Sheltered Islander: Driven to Drink – Our Day at the Animal Shelter
It’s that time of year again. Puppies and kittens are popping up with the daffodils. On the Island, we’ll have new labs from ferry to ferry.
“Scott, if you’re going to go to the animal shelter to get a puppy, DO NOT take any of the kids with you. You’ll end up bringing back every animal in there. I am only agreeing to one medium-sized dog. No more than 40 pounds.”
“Come on, I gotta take the kids!”
“No. They’ll be so happy to have a pet, they won’t care about the selection process.”
“My dad always took us to pick up a new dog.”
“And that’s how your mother got stuck taking care of six dogs, two cats and a hamster in her retirement.”
That night, Dad holds a secret meeting with two of his kids.
“Brian and Timmy, you guys are the oldest, so you gotta help me get the girls up and out of the house before Mom gets up. We’ll have breakfast off Island. Everybody be ready to go when I wake you up. Don’t say anything to the girls tonight. They can’t keep a secret.”
The next morning at the animal shelter…
“Okay, kids, we can’t have a dog heavier than 40 pounds and we don’t want one that sheds. I have final approval.”
“Dad, Brian and me wanna combine our two 40-pound dogs for a St. Bernard so he can pull our boat.”
“No, no, no St. Bernards. Besides, you can only pick from what’s here.”
“Daddy, I want that white kitten over there. I want both those white kittens. One can be for me, and one can be for Gigi.”
“I don’t know, Tammy. I told Mom we’d just bring home one dog.”
“Daddy, I don’t wanna kitty. I want the hankster in the pink cage.”
“No, no, Gigi. We’re getting a puppy dog. No kitty cats, no hamsters.”
“Daddy, the two white cats are cream-point Siamese. The lady says they just went up for adoption and they won’t last an hour. Gigi will forget all about the hamster if we get kittens.”
“No Daddy, I don’t wanna kitty! I want Shiny! That’s the hankster in the pink cage!”
Later, on the way back to Shelter Island…
“Got everything, Dad?”
“Yup. Eight hundred dollars worth of pet supplies for two dogs, two cats, and a ‘hankster.’”
“No, Dad, I meant the other stuff, the stuff you needed to save your life?”
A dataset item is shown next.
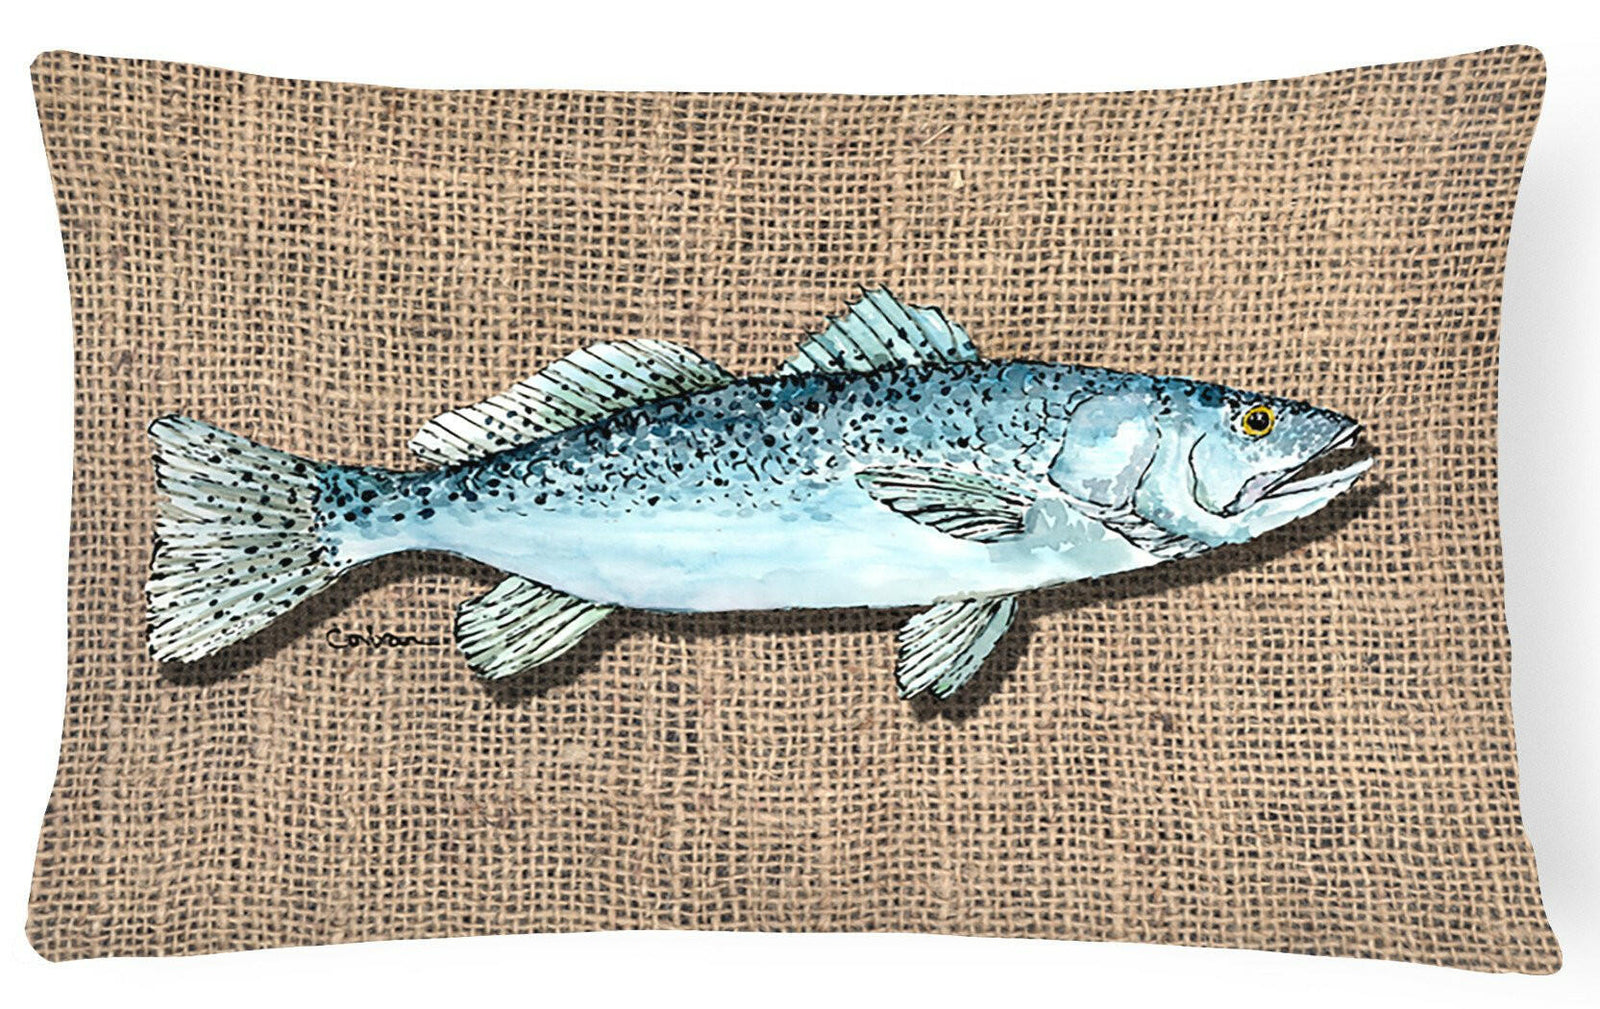 Fish Speckled Trout   Canvas Fabric Decorative Pillow by Caroline's Treasures

“Oh yeah. Lobster dinner with extra lobster, Godiva chocolates, lemon cake, plus lemon cake-flavored vodka and three dozen rum-raisin cookies. With this ammo, boys, there’s still only a slight chance your mother won’t kill one or all of us when we get home. Let me go in first with the goodies, I’ll call you in when I’m ready, and you can bring in the pets.”
Twenty-five minutes later, an enraged wife sits facing her favorite goodies spread out on the table. In a low, soft voice, she says “Just give me the facts.”
“Brian got a Sheltie, Timothy got a border collie mix.”
“That’s two dogs, Scott. I said one dog.”
“And Tammy got two kittens.”
“Are they golden statues that we can sell?”
“No. They’re cream-point Siamese kittens.”
“Okay. Cream-point Siamese helps, but you’re still in a lot of trouble.”
At this moment, four children with five pets enter the family home, all very excited and showing off their pets. Gigi fumbles to the front of the pack with a little pink cage containing Shiny the Hankster. Mother looks at Father, and says, “And a hamster? You got a hamster, too?”
“You want me to pour you a glass of vodka now?”
“No. Just open the bottle and hand it to me and no one will get hurt.”